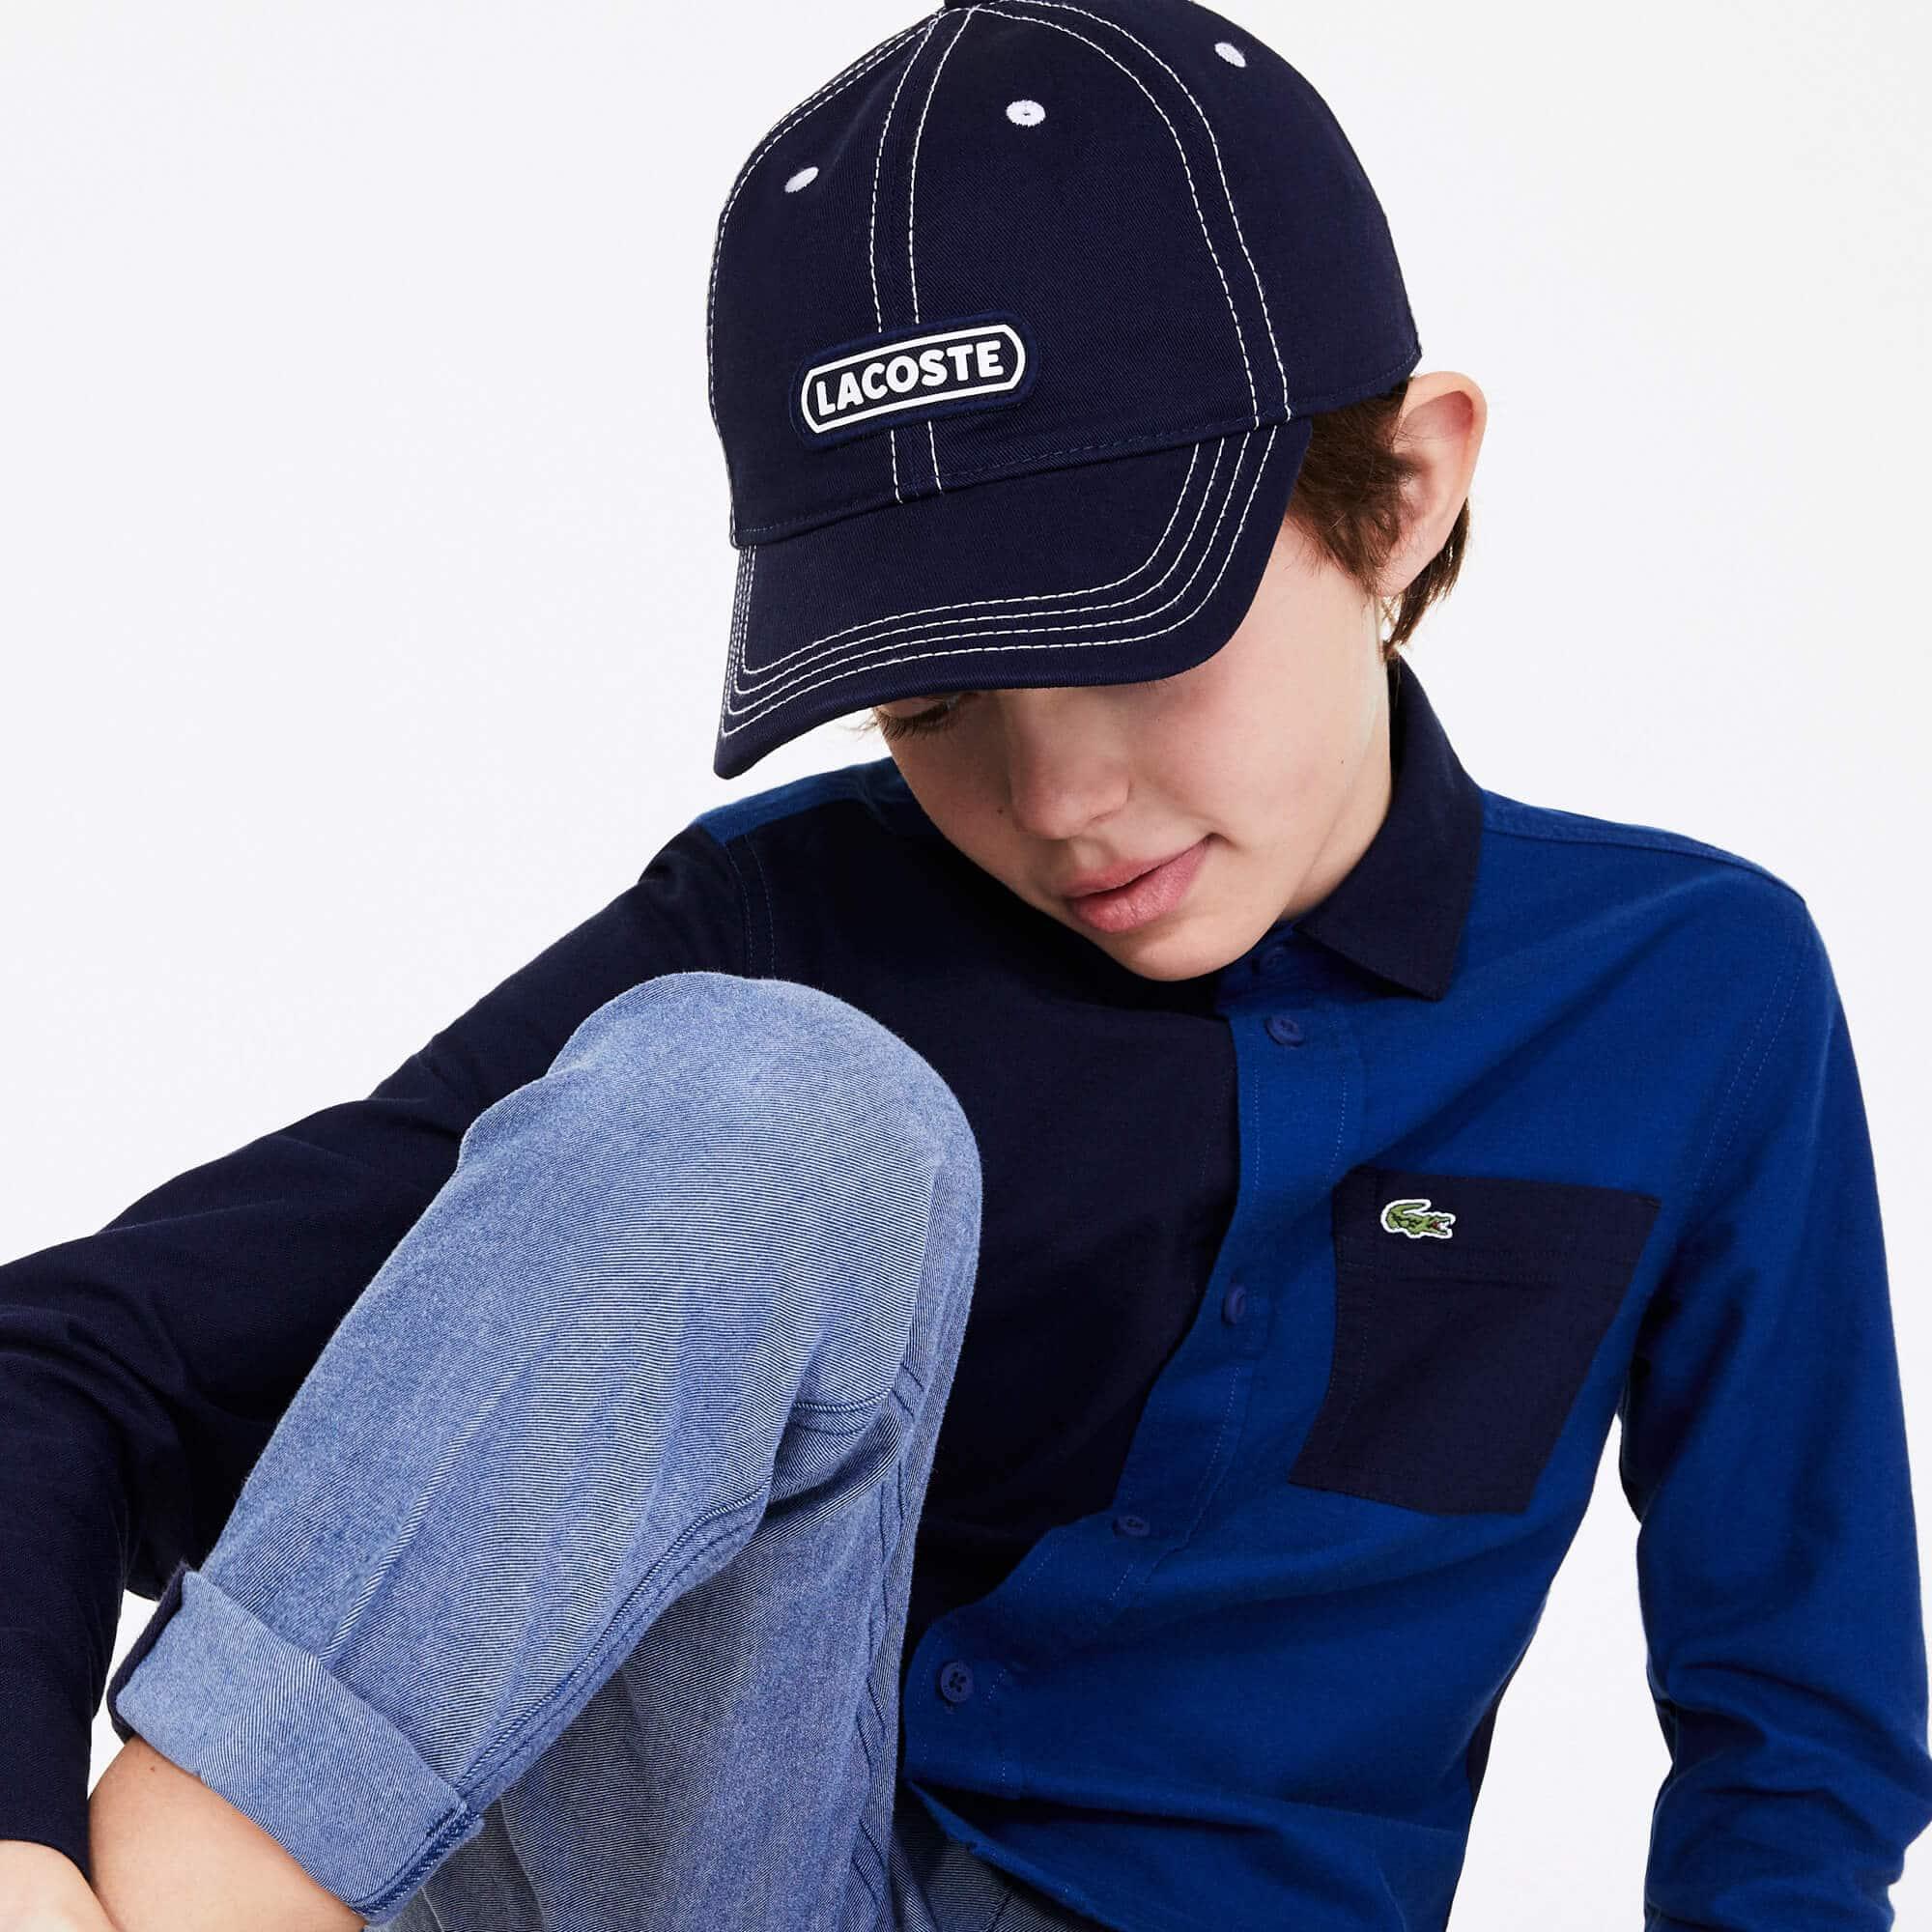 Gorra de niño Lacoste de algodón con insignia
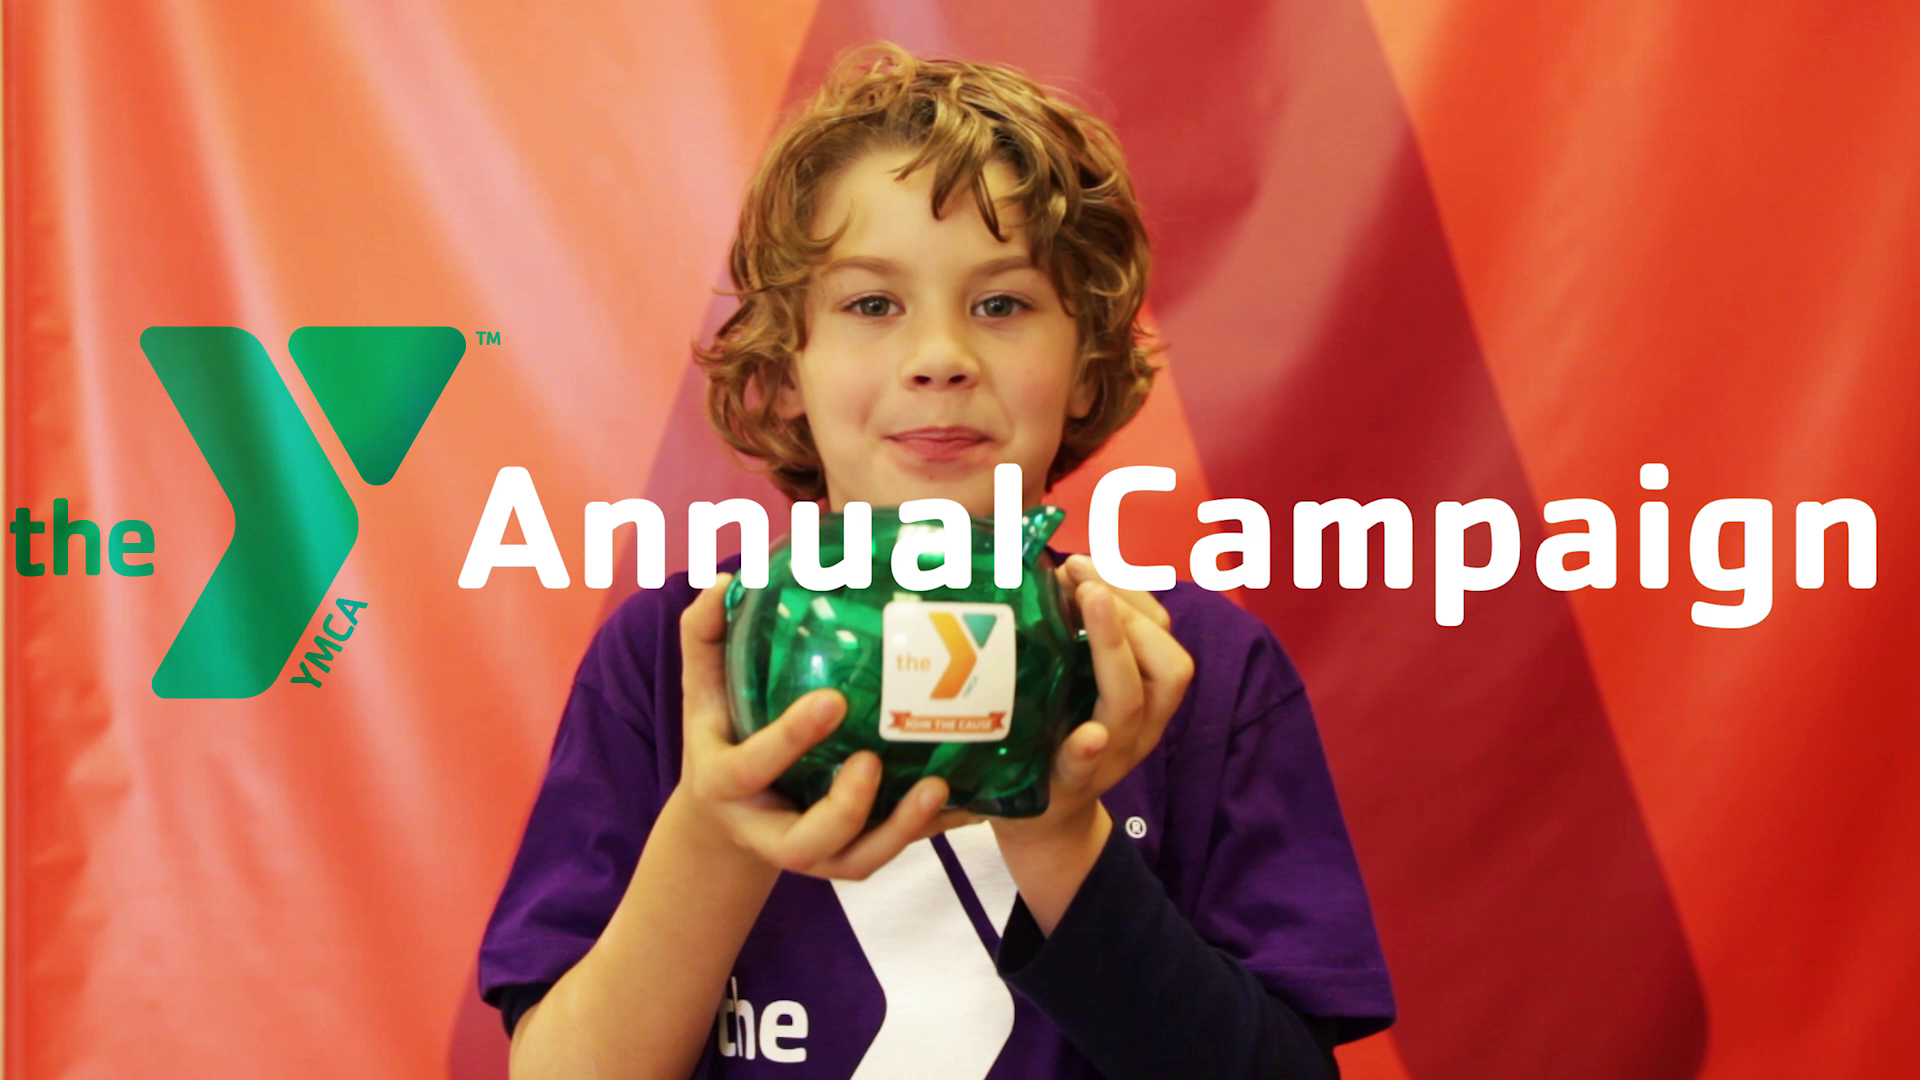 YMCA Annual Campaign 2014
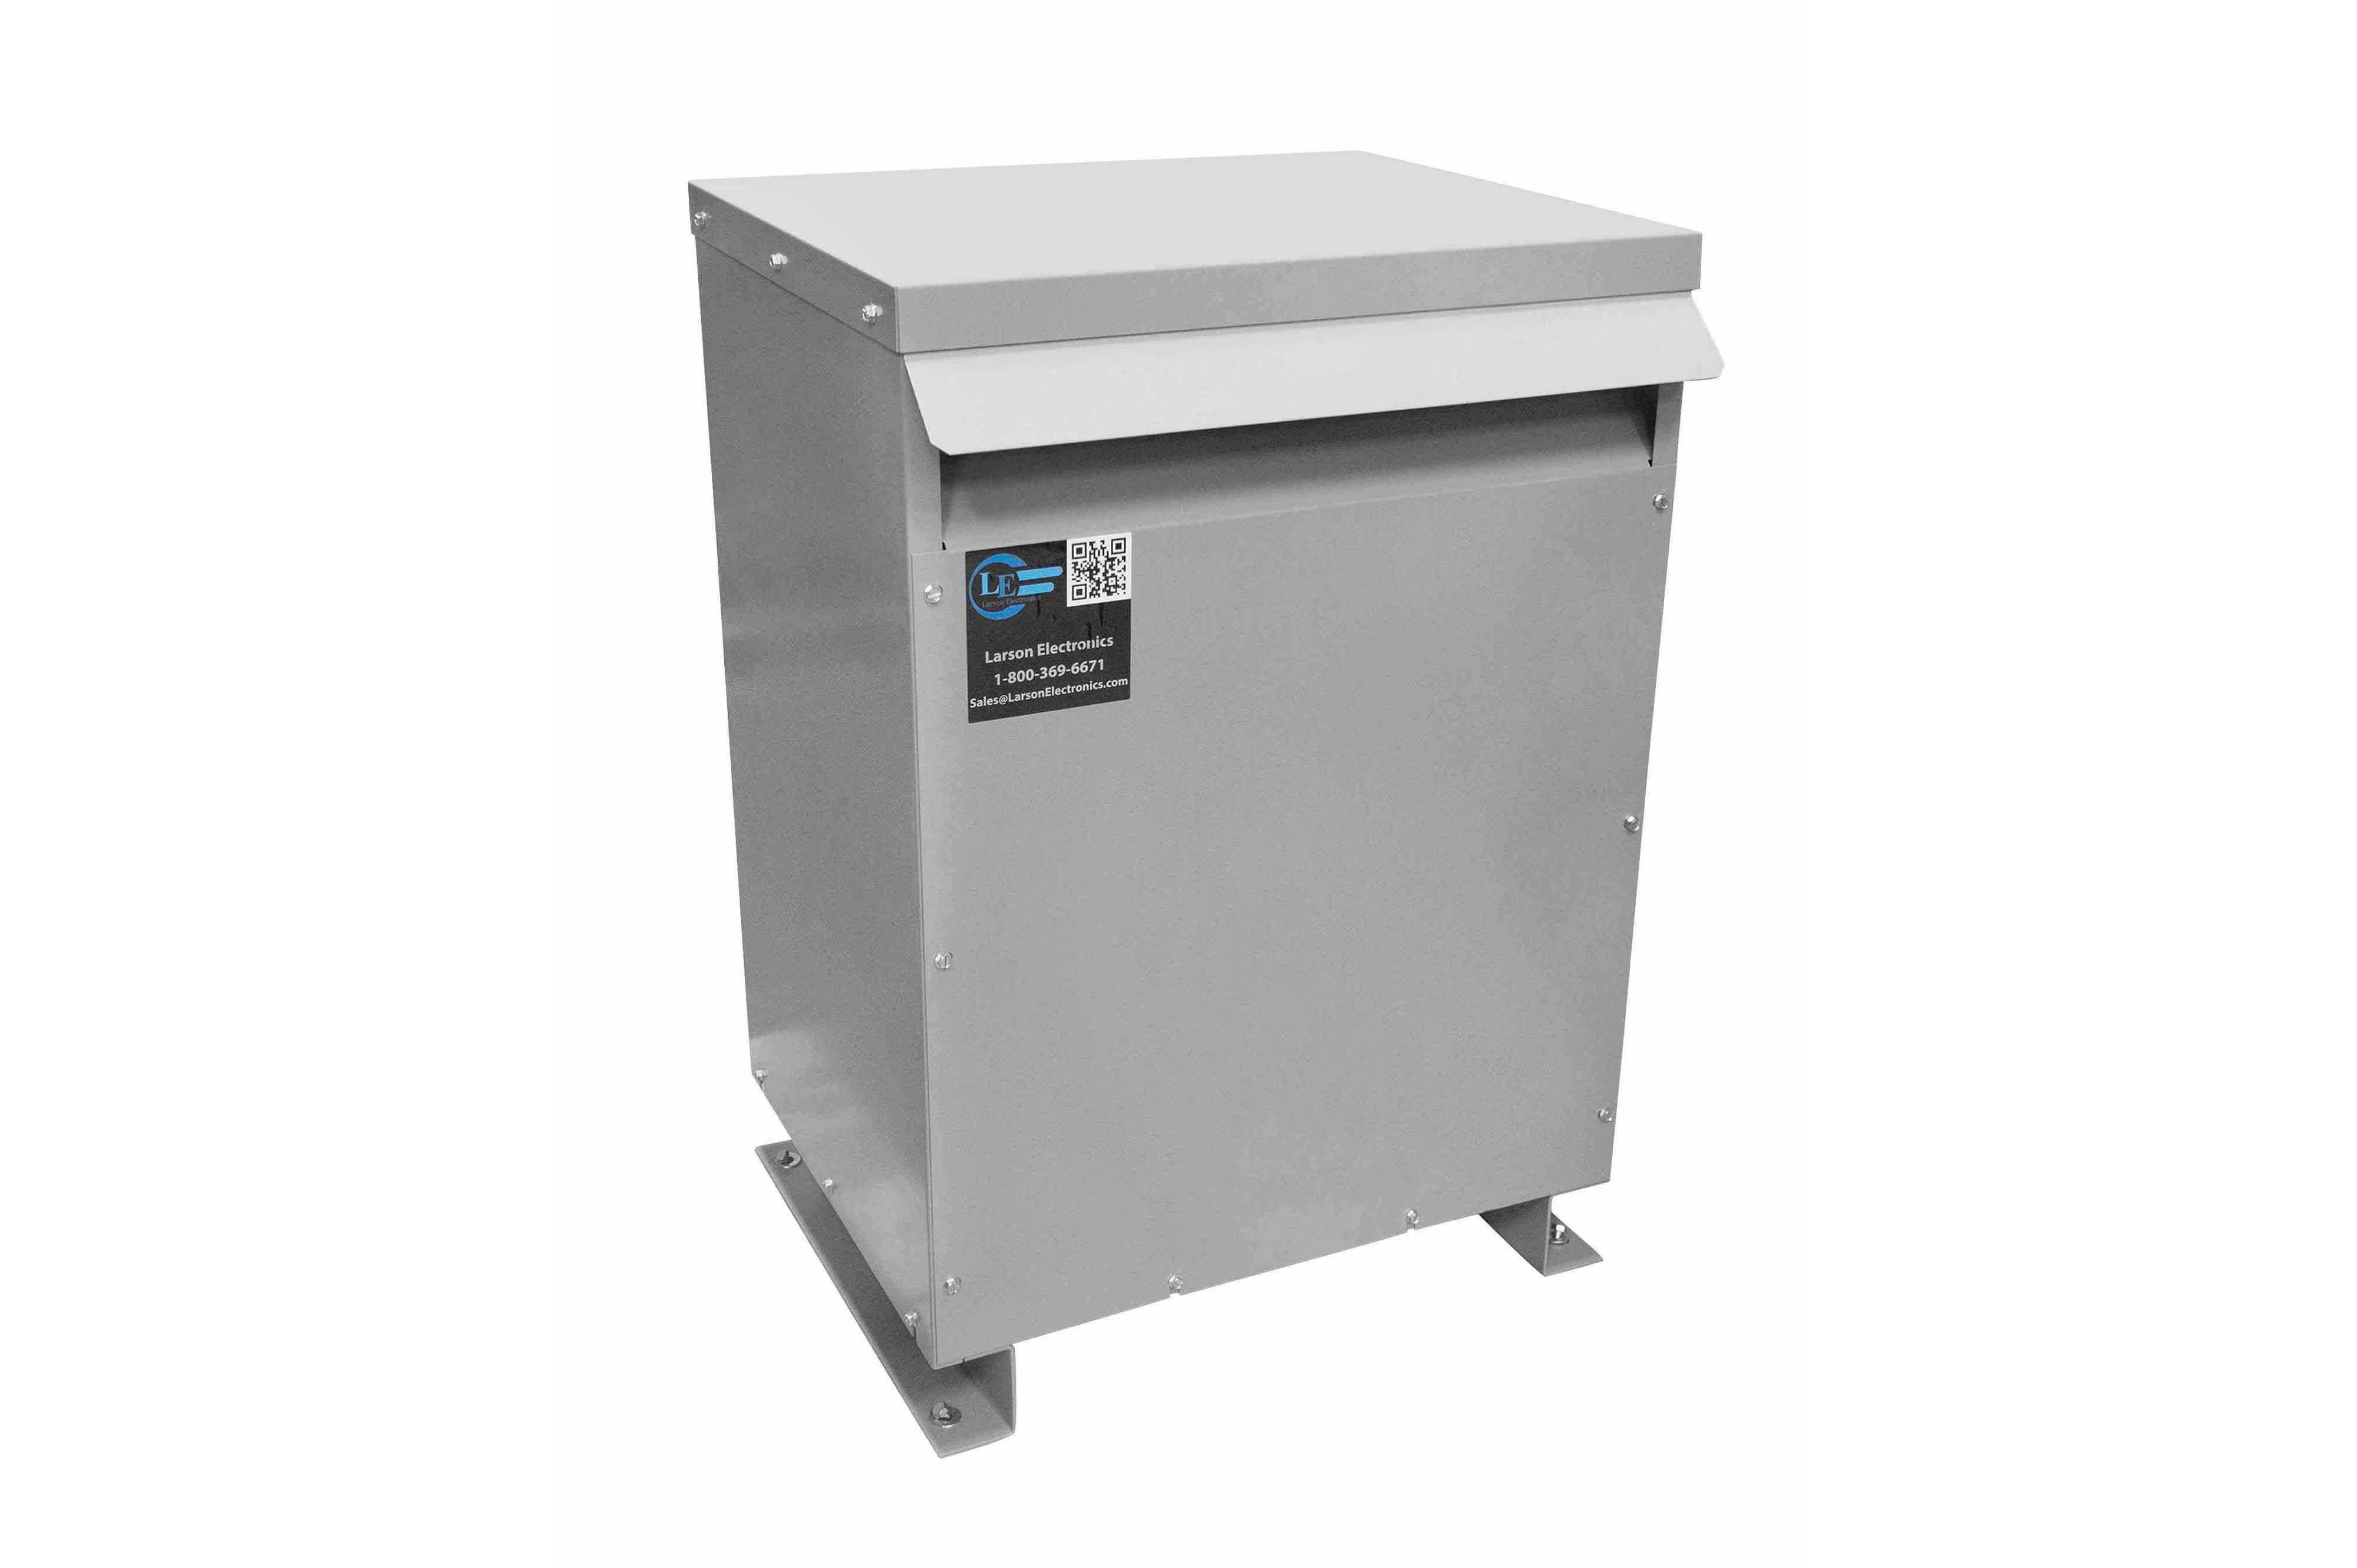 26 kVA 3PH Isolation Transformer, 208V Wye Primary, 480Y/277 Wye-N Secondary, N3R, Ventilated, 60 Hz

-*-

• WORK REQUEST:
The answer is the full listing above, reproduced character for character, minus its images.

• ANSWER TO THE PROBLEM:
 Gorra de niño Lacoste de algodón con insignia
 YMCA Annual Campaign 2014
 26 kVA 3PH Isolation Transformer, 208V Wye Primary, 480Y/277 Wye-N Secondary, N3R, Ventilated, 60 Hz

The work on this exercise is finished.